The first time my knee dislocated when climbing with John was on Integrity on Sron na Ciche in Coire Lagan in the Cuillin mountains of Skye about 2000. I managed to complete the climb but afterwards we dropped a grade or two on our outings. John never complained. On one memorable outing to the Great Ridge of Beinn Garbh in Ardgour there was a total eclipse of the sun when we were at the first belay. We chatted in the near total darkness and exchanged thoughts on our great love and appreciation of the mountains and climbing. On our last climb together we scrambled up the NW ridge of Bruach na Frithe in the Cuillin then went on to climb Naismith's route on the Basteir Tooth. Although it is an easy climb my knee dislocated twice. I had a long and painful descent. John patiently stayed with me and helped me down as the other members of our group descended ahead. It was long after dark that John and I got down and we both knew my climbing days were over.

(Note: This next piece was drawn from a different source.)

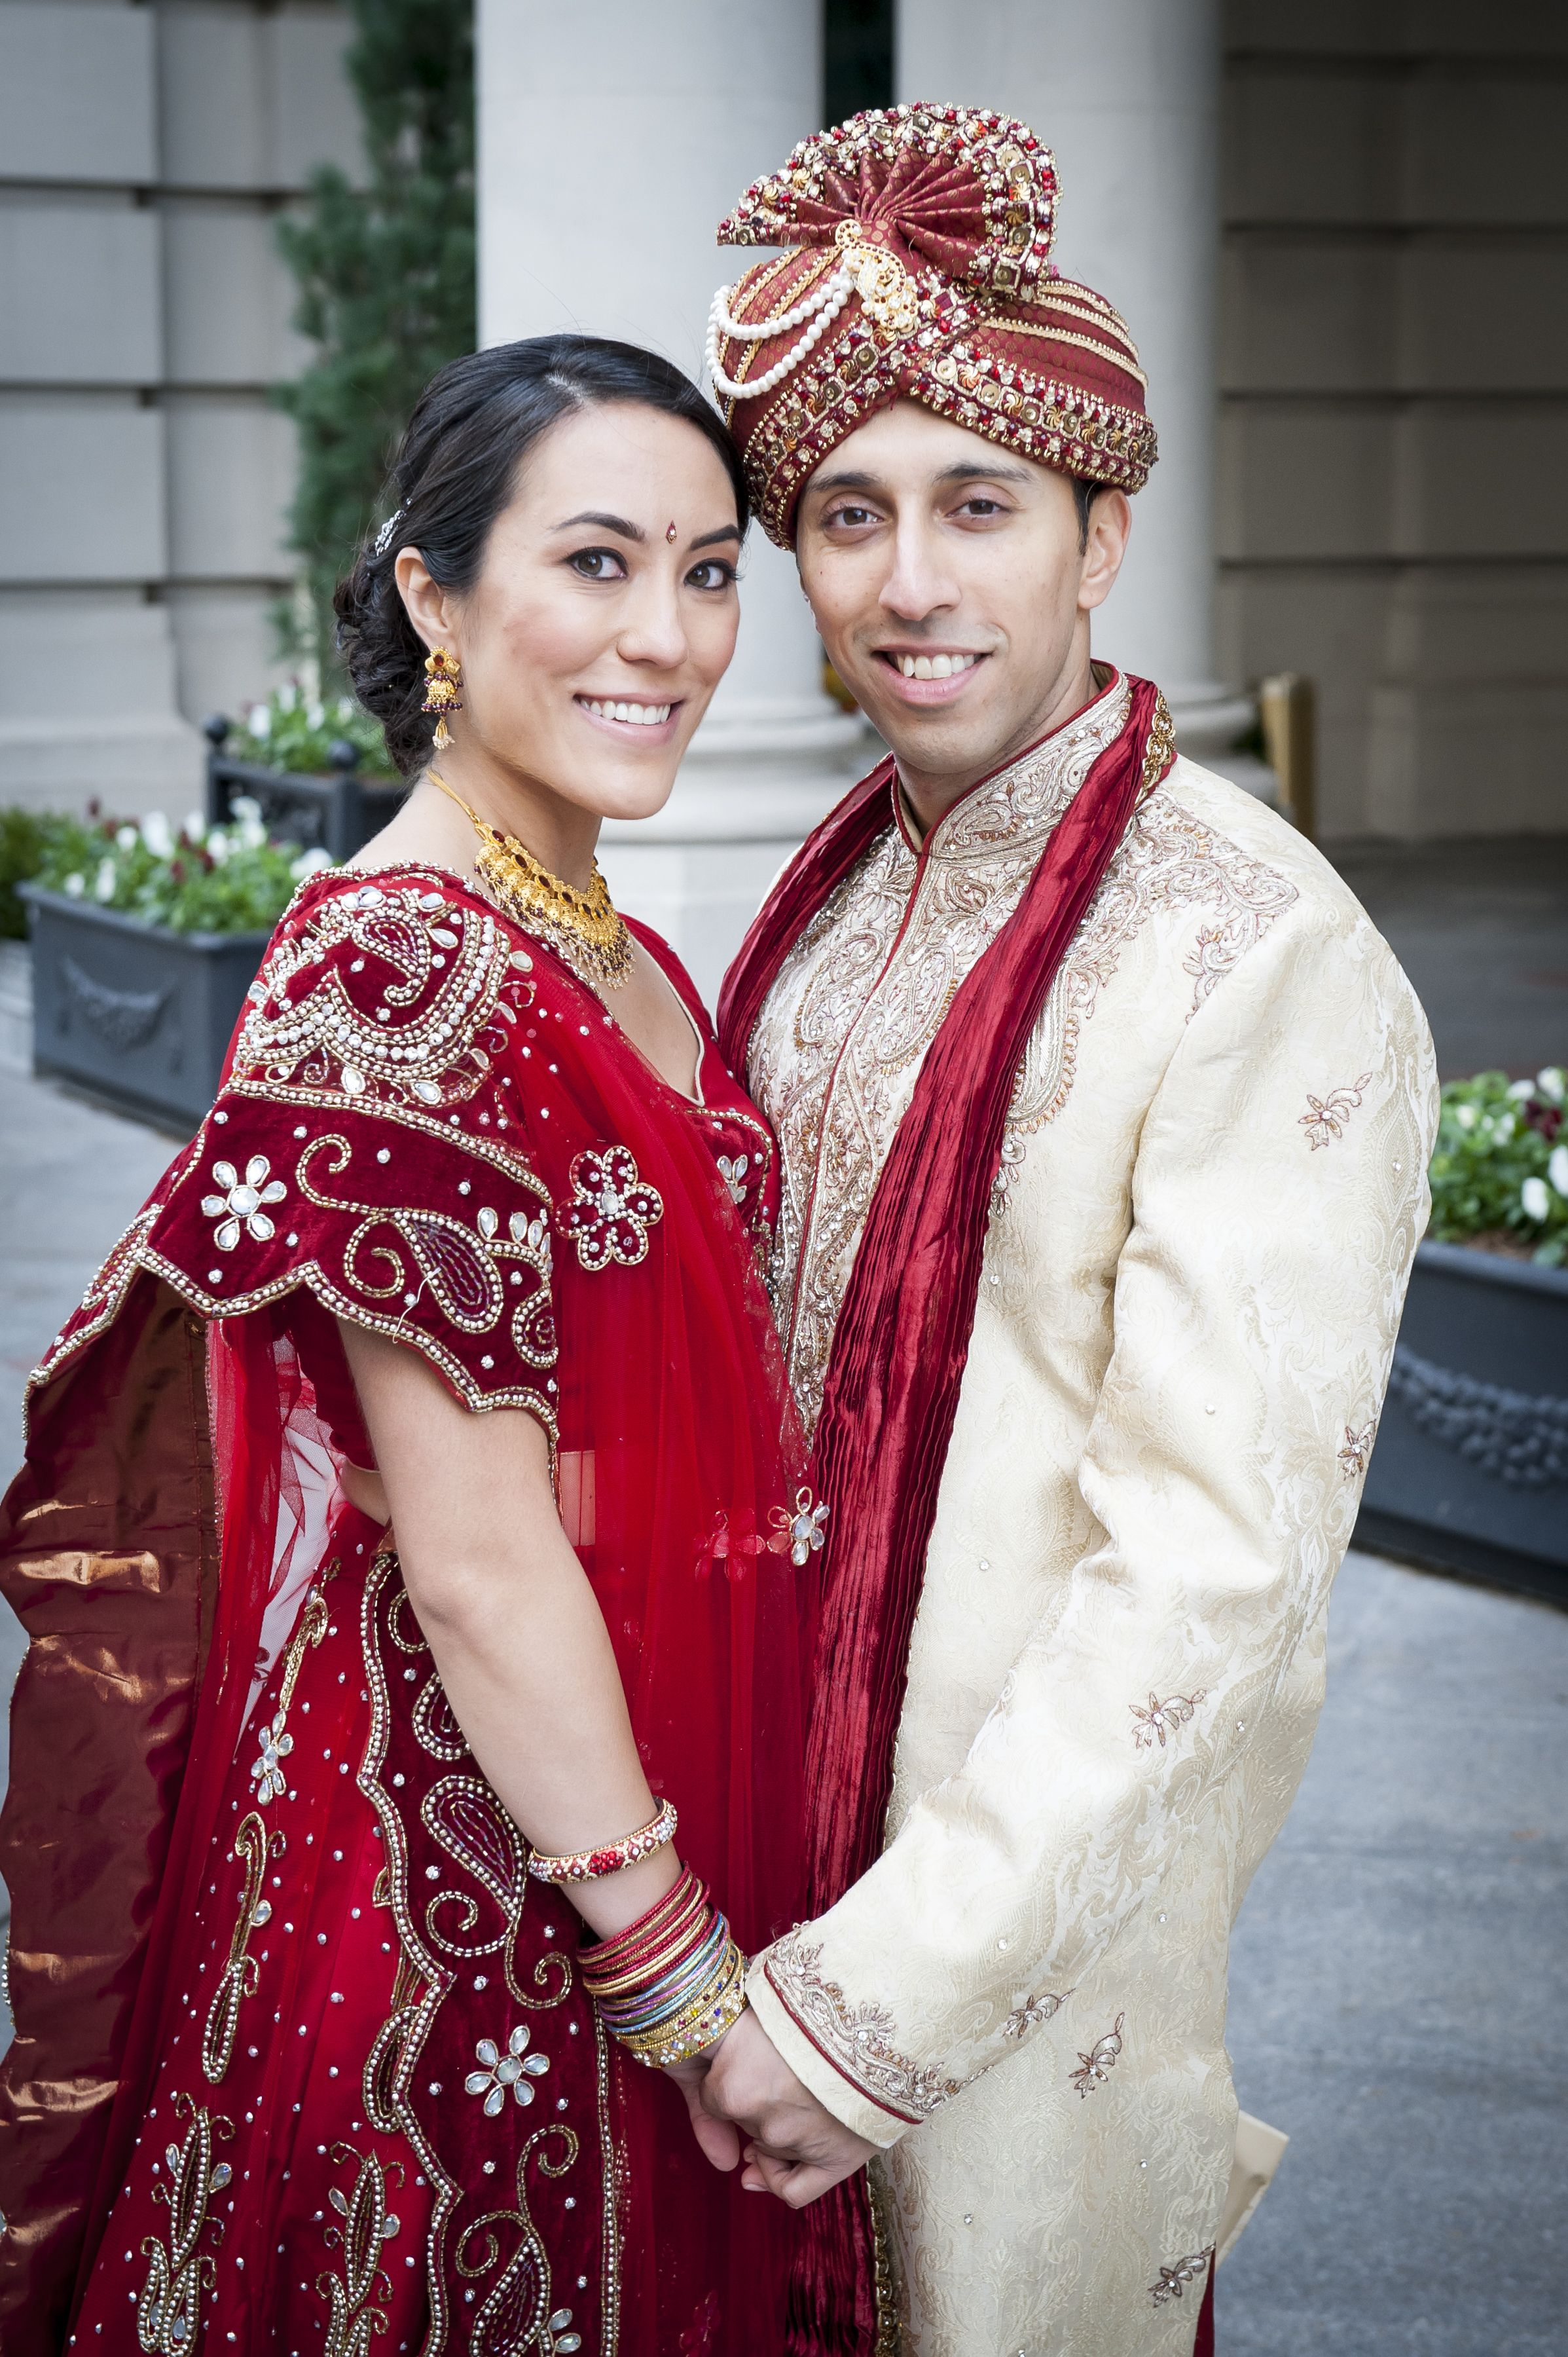 KoreanAmerican bride and Indian groom Indian wedding in
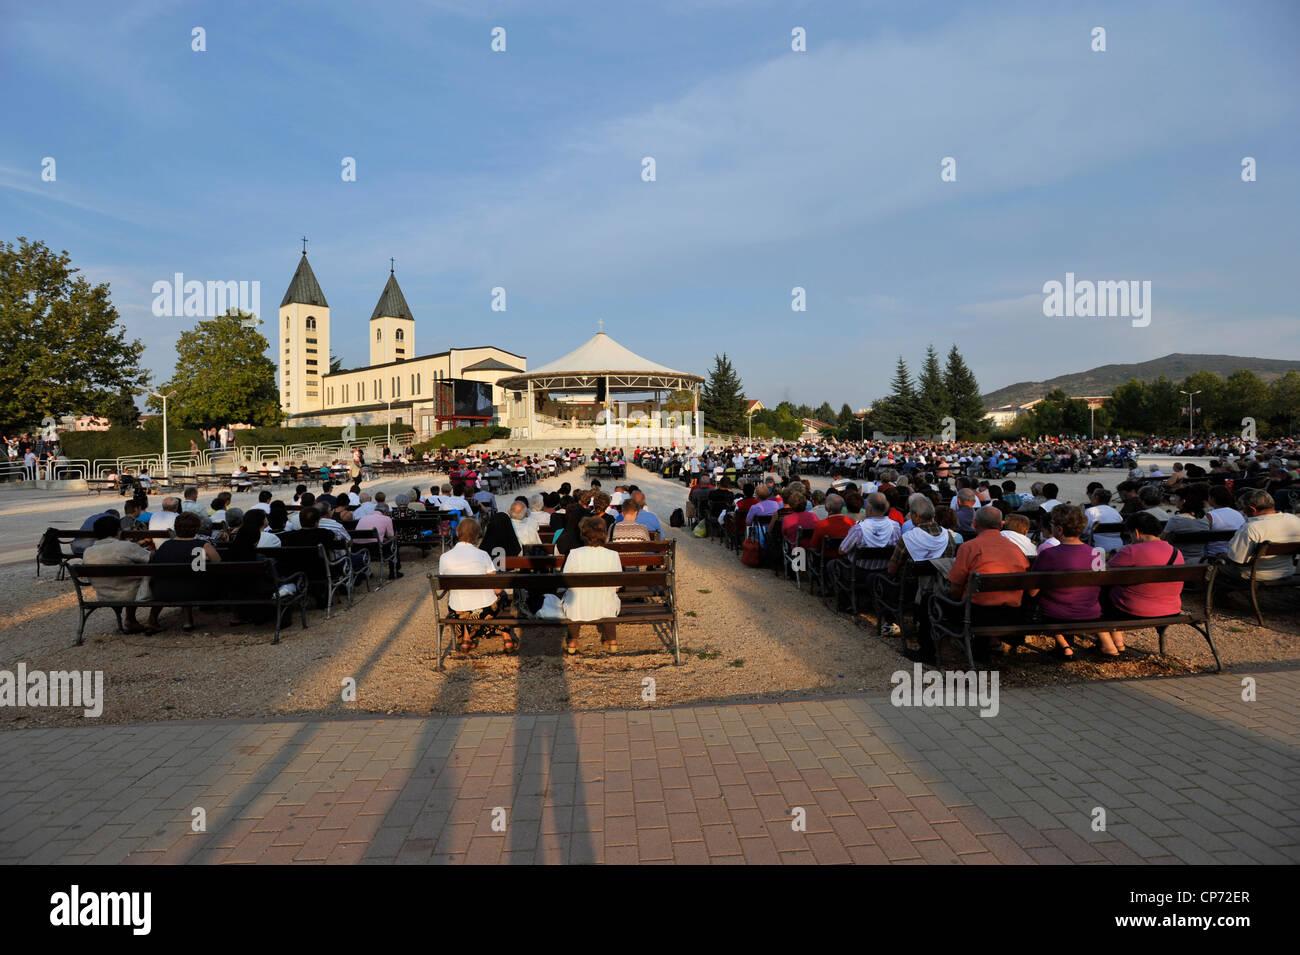 Europe Bosnia and Herzegovina Medjugorje Marian Shrine Church of Sy James Square of the Masses - Stock Image

Any time I passed John's door at work after that, we would exchange stories about his climbing trips and my trips in my new sport of sea kayaking. When I retired in 20011 John wrote in my card " When we are both retired and your knees are fixed we'll go climbing in the Cuillin again."
John, I don't know when it will be but our spirits will climb together in the Cuillin again...
John at the top of forty Foot Corner, NE buttress, Ben Nevis.
First pitch Agag's Groove, Rannoch Wall, Buachaille Etive Mor, Glen Coe.
Top pitch Agag's Groove.
Traversing from the top of Rannoch Wall to descend Curved Ridge, Buchaille Etive Mor.
Early morning start for Cir Mor, Glen Rosa Arran.
Sou'wester Slabs, Cir Mor.
Top of Sou'wester Slabs.
Arrow Route, Coire Lagan, Skye.
Top of Arrow Route, John scouting the line of Integrity above. The Cioch, Coire Lagan, Skye.
Ardverikie Wall, Binnein Shuas, Glen Spean.
Fifth pitch Ardverikie Wall.
Collie's Route, Coire Lagan, Skye.
Eastern Buttress Direct, Coire Lagan, Skye.
Pondering the route.
Final wall Eastern Buttress Direct.
Myself and John, Loch Lagan Skye. Taken by my daughter Jennifer (who used to babysit for John before she insisted on coming with us!)
John and friends Glen Rosa Arran.
Caliban's creep, Cir Mor, Arran.
John and friends setting off for the NW ridge of Bruach na Frithe Skye on our last climb together on Naismith's Route on Am Bastier, 19/4/2003.
John, thank you for so many happy days.